To Talos researchers’ surprise, the ransomware operator first initiated contact with them in September 2020, apparently seeking acclaim for his hacking skills while remaining anonymous. However, through several interviews conducted via text chats in the months that followed, researchers were able to gradually piece together information about the hacker’s identity, Talos outreach director Craig Williams said in an interview with Insider.

“Slowly but surely, it would trickle out — all the facts about his business,” Williams said. “And then he was just more or less openly sharing with us. But even at that time, he was lying about all these little incidents where maybe he didn’t do the right thing.”

The hacker, who went by the name Aleks, is a Russian man in his mid-30s with a university education living in Siberia, Talos researchers determined. Aleks claimed to be a former IT professional who turned to hacking because he had difficulty supporting himself with “white-hat” security roles.

“He expressed a general sense of disappointment, at times even resentment, for not being properly appreciated within the Russian cyber industry,” Talos researchers wrote in the report.

Aleks primarily targeted victims using LockBit, an increasingly prevalent “ransomware-as-a-service” software whose developers take a cut of the ransom that victims pay. Aleks would scan victims’ online systems to see what web services they use, then search the dark web for employees’ passwords — where login credentials stolen in data breaches are sold by other hackers — to gain entry to those services and install LockBit’s malware.

Unlike sophisticated nation-state hackers that look to exploit brand-new vulnerabilities before they’re patched, Aleks typically targeted well-known security issues already widely circulating online, meaning in most cases his victims would have been protected against the attacks if they regularly installed software updates.

This illustrates how easy it can be for cybercriminals to use readily available ransomware-as-a-service tools to make money, suggesting that the rate of ransomware attacks will continue to rise as long as those tools are available with few barriers to entry.
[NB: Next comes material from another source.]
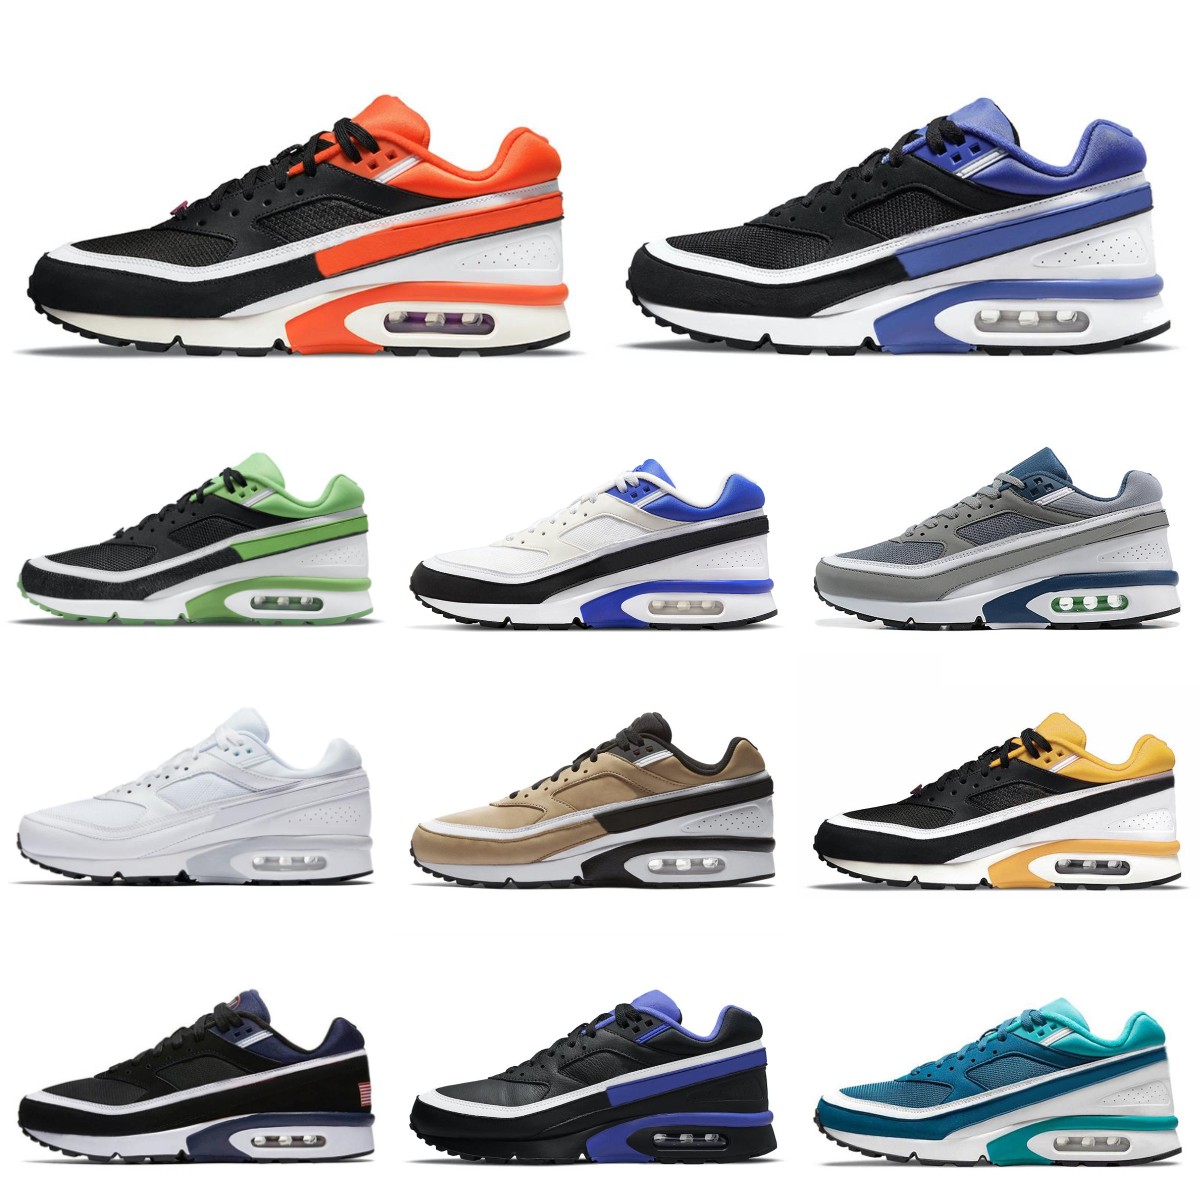 

2023 Mens Bw Sports Shoes Reverse White Persian Violet Red Trainers Airs Women Grey Neon Marina Light Stone Milk Jade Rotterdam Lyon Trainer Designer Sneakers S88, Please contact us

Aleks told researchers that he primarily targets US organizations, especially government agencies that are likely to have cyber insurance policies because they’re more likely to pay ransoms.

Aleks seemed intent on convincing Talos researchers that he was guided by ethics and primarily wanted to teach victims a lesson about their cyber weaknesses. He also claimed that he didn’t target hospitals. But according to Williams, Aleks subsequently gave away details that contradicted that claim: For instance, he divulged that hospitals were more likely to pay ransoms than other organizations, apparently speaking from experience.

“They would say things like, they would never target the medical industry, and describe scenarios that painted them in a great ethical light,” Williams said. Meanwhile, we had concrete proof that none of that was true.

The episode shows how free-wheeling hackers can be guided by economic circumstances to participate in major cybercrimes, Williams said. It also shows how ostensible moral obligations to avoid targeting healthcare institutions can be easily outweighed by the ability to easily turn a profit.

Healthcare organizations and government agencies are prime targets for ransomware attacks because they’re the most likely to pay ransoms rather than wait hackers out. Local government agencies also typically have low or nonexistent cybersecurity budgets, making them susceptible to attacks. The number of government agencies, schools, and healthcare providers affected by ransomware attacks rose from 966 in 2019 to 2,354 in 2020, according to the security firm Emsisoft.